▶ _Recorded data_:
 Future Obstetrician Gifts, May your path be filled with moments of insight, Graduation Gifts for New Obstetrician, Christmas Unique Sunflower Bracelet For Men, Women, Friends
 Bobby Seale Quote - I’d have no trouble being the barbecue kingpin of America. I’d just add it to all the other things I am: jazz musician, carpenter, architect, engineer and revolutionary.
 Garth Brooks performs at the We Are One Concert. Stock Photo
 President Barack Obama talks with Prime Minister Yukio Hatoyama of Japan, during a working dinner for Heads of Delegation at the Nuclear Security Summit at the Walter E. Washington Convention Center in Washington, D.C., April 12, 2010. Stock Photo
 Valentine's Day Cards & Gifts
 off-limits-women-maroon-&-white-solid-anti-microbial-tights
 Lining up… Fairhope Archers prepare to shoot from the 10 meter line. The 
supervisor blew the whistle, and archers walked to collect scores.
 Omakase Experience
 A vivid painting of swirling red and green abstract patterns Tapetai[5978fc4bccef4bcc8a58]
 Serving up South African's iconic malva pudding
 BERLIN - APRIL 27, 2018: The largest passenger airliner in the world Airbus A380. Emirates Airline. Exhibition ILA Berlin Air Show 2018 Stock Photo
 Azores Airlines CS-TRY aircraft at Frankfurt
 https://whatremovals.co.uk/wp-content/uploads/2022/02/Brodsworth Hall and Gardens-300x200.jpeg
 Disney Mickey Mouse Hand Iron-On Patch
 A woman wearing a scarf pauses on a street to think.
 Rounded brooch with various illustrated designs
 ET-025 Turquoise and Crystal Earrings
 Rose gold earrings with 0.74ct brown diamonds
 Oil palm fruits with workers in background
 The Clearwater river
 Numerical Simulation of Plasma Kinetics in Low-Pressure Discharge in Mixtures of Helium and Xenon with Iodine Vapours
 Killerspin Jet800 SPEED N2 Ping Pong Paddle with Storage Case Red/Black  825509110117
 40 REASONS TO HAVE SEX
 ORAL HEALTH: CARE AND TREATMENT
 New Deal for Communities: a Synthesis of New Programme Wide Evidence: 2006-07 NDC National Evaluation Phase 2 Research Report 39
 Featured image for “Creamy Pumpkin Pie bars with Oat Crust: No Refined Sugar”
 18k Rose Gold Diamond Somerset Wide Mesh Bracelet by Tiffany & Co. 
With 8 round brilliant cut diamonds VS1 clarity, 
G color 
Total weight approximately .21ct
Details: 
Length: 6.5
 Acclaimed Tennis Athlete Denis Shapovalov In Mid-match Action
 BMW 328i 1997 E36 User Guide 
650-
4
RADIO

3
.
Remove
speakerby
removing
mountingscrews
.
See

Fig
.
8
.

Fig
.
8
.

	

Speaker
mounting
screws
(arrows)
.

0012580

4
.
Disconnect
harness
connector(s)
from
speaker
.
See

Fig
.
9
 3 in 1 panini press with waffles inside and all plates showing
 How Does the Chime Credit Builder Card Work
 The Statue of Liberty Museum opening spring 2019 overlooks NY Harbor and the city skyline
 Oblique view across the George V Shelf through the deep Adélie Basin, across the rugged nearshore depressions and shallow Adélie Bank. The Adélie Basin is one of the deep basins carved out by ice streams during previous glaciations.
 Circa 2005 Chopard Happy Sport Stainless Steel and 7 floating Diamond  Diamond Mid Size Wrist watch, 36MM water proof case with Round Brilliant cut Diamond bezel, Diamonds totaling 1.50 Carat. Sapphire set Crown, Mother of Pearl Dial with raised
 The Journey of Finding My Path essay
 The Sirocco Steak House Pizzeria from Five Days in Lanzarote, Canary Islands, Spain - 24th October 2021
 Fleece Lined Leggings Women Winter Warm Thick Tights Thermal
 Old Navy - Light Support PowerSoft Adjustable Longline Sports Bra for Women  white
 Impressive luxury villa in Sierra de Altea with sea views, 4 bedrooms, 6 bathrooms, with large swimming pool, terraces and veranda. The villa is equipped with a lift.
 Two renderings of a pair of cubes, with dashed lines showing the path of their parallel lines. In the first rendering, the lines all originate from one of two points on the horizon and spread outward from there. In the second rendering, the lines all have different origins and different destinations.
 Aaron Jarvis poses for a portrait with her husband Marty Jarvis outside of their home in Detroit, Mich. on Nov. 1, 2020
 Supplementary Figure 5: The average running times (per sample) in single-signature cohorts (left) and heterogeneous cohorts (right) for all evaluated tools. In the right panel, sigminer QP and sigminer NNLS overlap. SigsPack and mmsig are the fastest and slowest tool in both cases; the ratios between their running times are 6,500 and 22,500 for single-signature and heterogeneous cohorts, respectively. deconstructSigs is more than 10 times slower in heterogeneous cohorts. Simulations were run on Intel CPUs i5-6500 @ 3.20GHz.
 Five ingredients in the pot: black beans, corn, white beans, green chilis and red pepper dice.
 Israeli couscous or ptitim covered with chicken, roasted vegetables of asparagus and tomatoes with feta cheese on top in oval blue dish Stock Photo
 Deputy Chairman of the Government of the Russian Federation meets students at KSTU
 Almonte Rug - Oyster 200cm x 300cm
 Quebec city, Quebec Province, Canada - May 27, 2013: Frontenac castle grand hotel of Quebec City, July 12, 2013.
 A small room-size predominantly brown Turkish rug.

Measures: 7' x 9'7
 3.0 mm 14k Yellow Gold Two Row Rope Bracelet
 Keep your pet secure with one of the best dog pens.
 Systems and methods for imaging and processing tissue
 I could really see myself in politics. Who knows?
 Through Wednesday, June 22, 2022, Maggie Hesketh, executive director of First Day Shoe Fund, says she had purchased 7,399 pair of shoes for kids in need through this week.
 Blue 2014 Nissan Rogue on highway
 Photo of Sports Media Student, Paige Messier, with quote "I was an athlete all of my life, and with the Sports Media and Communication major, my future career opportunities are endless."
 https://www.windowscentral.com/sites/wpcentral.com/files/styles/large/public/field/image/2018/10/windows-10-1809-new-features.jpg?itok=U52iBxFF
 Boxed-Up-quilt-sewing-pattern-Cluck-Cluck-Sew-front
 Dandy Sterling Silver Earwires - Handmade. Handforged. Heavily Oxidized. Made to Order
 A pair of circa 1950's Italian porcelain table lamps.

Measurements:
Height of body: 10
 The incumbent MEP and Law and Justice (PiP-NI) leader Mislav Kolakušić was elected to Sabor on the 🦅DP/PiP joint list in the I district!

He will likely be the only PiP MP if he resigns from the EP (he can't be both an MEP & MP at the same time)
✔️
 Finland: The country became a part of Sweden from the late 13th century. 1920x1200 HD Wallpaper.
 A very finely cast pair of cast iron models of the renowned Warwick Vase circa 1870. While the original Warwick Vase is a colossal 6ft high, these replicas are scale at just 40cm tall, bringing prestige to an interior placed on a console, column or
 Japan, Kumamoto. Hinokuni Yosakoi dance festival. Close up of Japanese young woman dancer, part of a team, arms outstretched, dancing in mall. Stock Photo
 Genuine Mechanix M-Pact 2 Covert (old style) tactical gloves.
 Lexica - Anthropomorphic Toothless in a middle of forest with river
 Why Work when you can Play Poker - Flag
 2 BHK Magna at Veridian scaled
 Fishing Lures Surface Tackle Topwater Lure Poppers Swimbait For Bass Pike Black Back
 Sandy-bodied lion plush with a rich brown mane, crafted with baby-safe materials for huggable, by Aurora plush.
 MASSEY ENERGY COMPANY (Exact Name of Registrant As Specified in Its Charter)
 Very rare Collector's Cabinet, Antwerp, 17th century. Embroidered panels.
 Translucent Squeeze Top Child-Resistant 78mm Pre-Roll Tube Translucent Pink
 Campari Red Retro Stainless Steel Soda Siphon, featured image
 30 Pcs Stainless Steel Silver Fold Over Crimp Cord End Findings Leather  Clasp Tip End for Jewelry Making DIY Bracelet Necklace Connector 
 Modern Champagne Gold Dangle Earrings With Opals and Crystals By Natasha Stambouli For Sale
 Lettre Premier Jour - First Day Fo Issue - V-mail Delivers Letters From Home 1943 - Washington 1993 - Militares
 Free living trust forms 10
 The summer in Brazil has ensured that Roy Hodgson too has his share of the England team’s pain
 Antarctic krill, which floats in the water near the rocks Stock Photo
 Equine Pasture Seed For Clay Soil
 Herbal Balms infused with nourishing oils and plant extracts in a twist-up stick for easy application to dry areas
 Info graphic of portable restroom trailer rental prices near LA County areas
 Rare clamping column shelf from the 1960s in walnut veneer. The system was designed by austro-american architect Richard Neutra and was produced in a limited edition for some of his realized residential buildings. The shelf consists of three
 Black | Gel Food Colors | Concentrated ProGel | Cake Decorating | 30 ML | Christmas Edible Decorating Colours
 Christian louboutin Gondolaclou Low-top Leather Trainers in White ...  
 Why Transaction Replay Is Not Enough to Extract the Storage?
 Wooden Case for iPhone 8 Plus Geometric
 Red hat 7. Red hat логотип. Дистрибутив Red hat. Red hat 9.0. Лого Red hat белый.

▶ _What you should do_: In the records shown above, how many lines include the word "Bracelet"? Answer with the number only.

▶ _Worked solution_: 4